Can we do better? string_view can handle both cases gracefully and efficiently.

1
2
3
4
5
6
void SomeFunction() {
string s1 = "The string we have";
char* s2 = "The char pointer we have";
TakesStringView(s1);
TakesStringView(s2);
}

string_view provides implicit conversion constructors that accept both char pointer and const string reference. Since they only need the pointer to the first char and the length of the string, they don’t introduce any string copy, so both constructors run in O(1) time.

1
2
3
4
5
6
7
8
template <typename Allocator>
string_view(
const std::basic_string<char, std::char_traits<char>, Allocator>&
str) noexcept
: ptr_(str.data()), length_(CheckLengthInternal(str.size())) {}

constexpr string_view(const char* str)
: ptr_(str), length_(CheckLengthInternal(StrLenInternal(str))) {}

What else

string_view can bring a huge performance gain. Let’s borrow two examples from Performance of std::string_view vs std::string from C++17.

1
2
3
4
5
6
7
8
9
10
11
12
13
14
15
16
17
18
19
20
21
22
23
#include <string_view>

static void StringSubStr(benchmark::State& state) {
std::string s = "Hello Super Extra Programming World";
// Code before the loop is not measured
for (auto _ : state) {
auto str = s.substr(1, 30);
// Make sure the variable is not optimized away by compiler
benchmark::DoNotOptimize(str);
}
}
// Register the function as a benchmark
BENCHMARK(StringSubStr);

static void StringViewSubStr(benchmark::State& state) {
std::string s = "Hello Super Extra Programming World";
for (auto _ : state) {
std::string_view sv = s;
auto str = sv.substr(1, 30);
benchmark::DoNotOptimize(str);
}
}
BENCHMARK(StringViewSubStr);

Online benchmark playground: Quick C++ Benchmark

Here is the benchmark result, with gcc-8.2, std of c++17 and O3 as optimization level. It’s a huge performance improvement.

img

Because it’s O(n) vs O(1).

The key difference is std::string::substr vs std::string_view::substr. The former returns a substring while the latter returns a view of a substring, the former runs in leaner complexity while the latter has constant complexity. Let’s take a look at its implementation in Absel. Skip the input check, to get the substring, basically what it does is simply move the pointer, no copy, which only has O(1) complexity!, its performance is independent of the size of the substring.

1
2
3
4
5
6
7
8
9
10
11
// string_view::substr()
//
// Returns a "substring" of the `string_view` (at offset `pos` and length
// `n`) as another string_view. This function throws `std::out_of_bounds` if
// `pos > size`.
string_view substr(size_type pos, size_type n = npos) const {
if (ABSL_PREDICT_FALSE(pos > length_))
base_internal::ThrowStdOutOfRange("absl::string_view::substr");
n = std::min(n, length_ - pos);
return string_view(ptr_ + pos, n);
}

Let’s switch to string_view

Emm, wait.

Adding string_view to your current code base is not always the best practice, changing the interface to pass by string_view can be inefficient and sometimes dangerous, if its inside implementation requires a string or a NULL-terminated const char pointer. For example, function A(const string& s) call B(const char* s), if you change A’s interface to A(std::string_view sv), then you need to handle the conversion from string_view to const char* by calling std::string_view::data(), it can be dangerous because sv is not guaranteed to be NUL-terminated. Therefore, it is encouraged to use string_view starting at the utility code and working upward, or keep the consistency when starting a new project.

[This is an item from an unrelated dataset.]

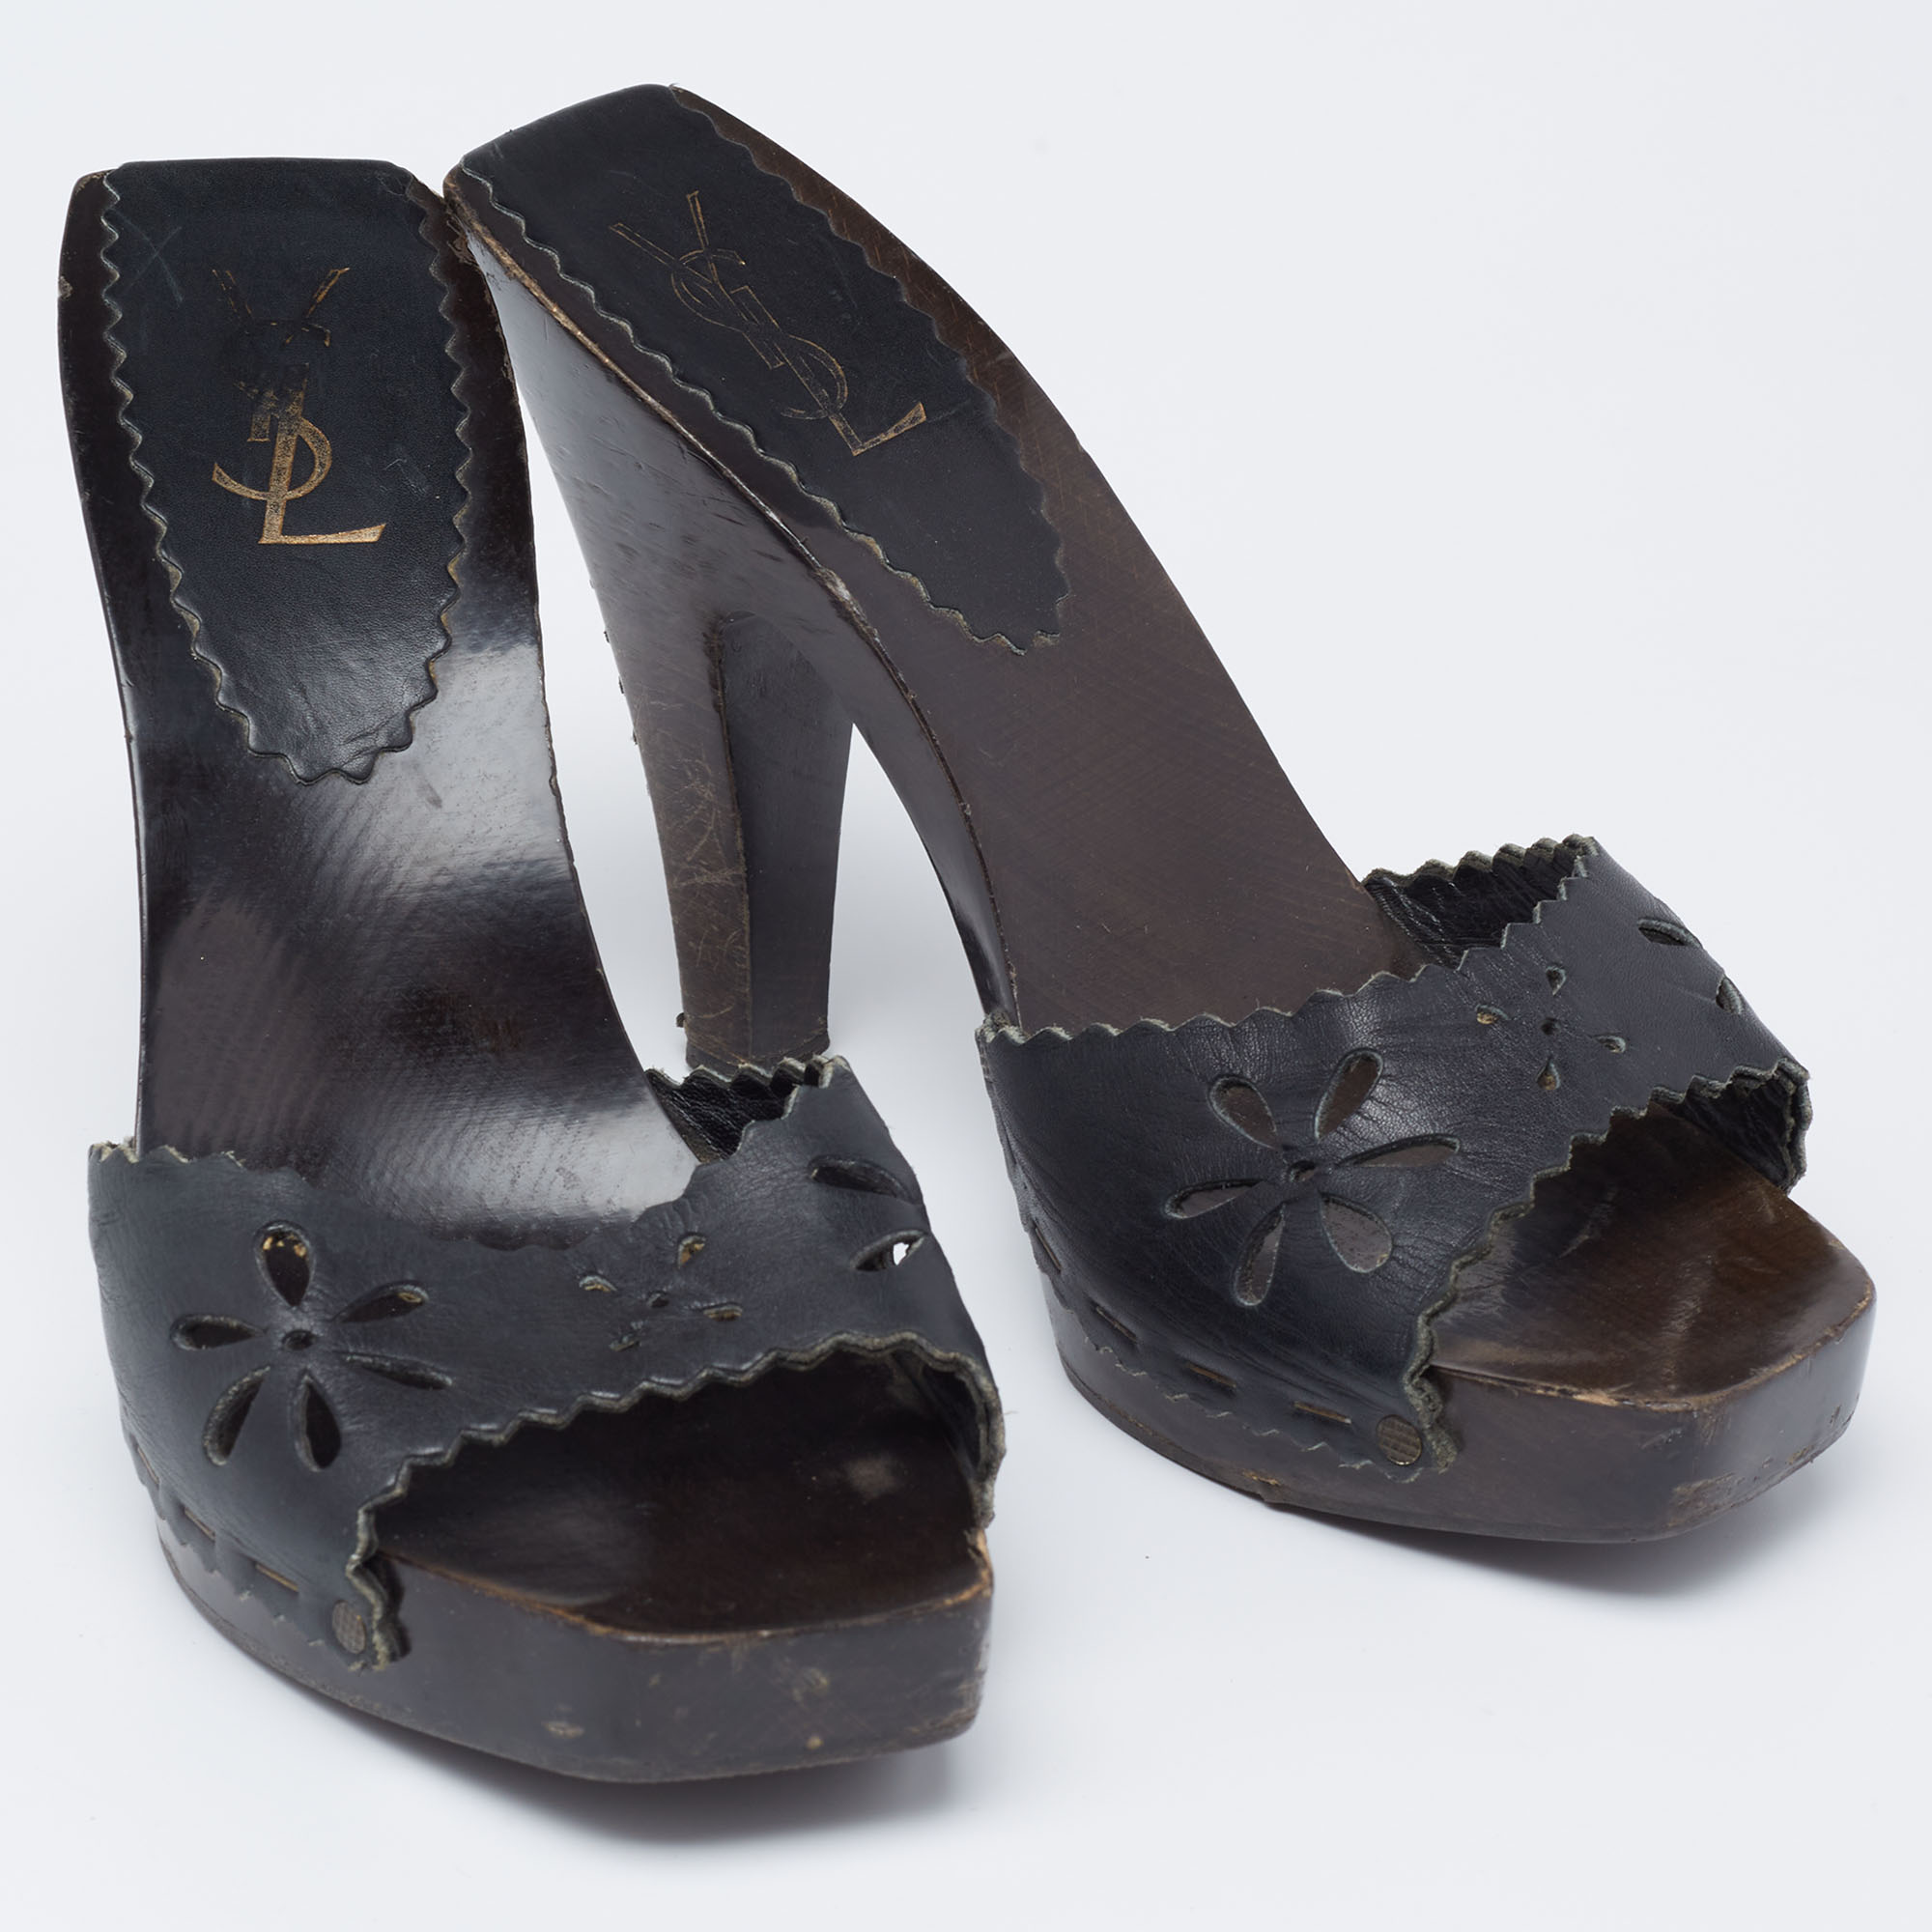 Yves Saint Laurent Black Cutout Leather  Slide Sandals Size 39

Secondly, string_view does not hold the data. Always keep it in mind that string_view only provides an immutable-view of original data, in another word, the source string must outlive the string_view. A good example is do not create a class member with the type of string_view, it’s hard to guarantee its life cycle.

Summary

By introducing string_view, you can achieve a significant performance boost in string heavy operations. However, always keep these caveats in mind and use it in the right way.

Pros

  • It provides a more flexible interface, can accept both const char* and const string&.
  • It’s faster than std::string, in some cases.

Cons

  • It is not necessarily NUL-terminated, so in some case like printf it’s not safe.
  • The source data of the string_view must outlive the string_view itself.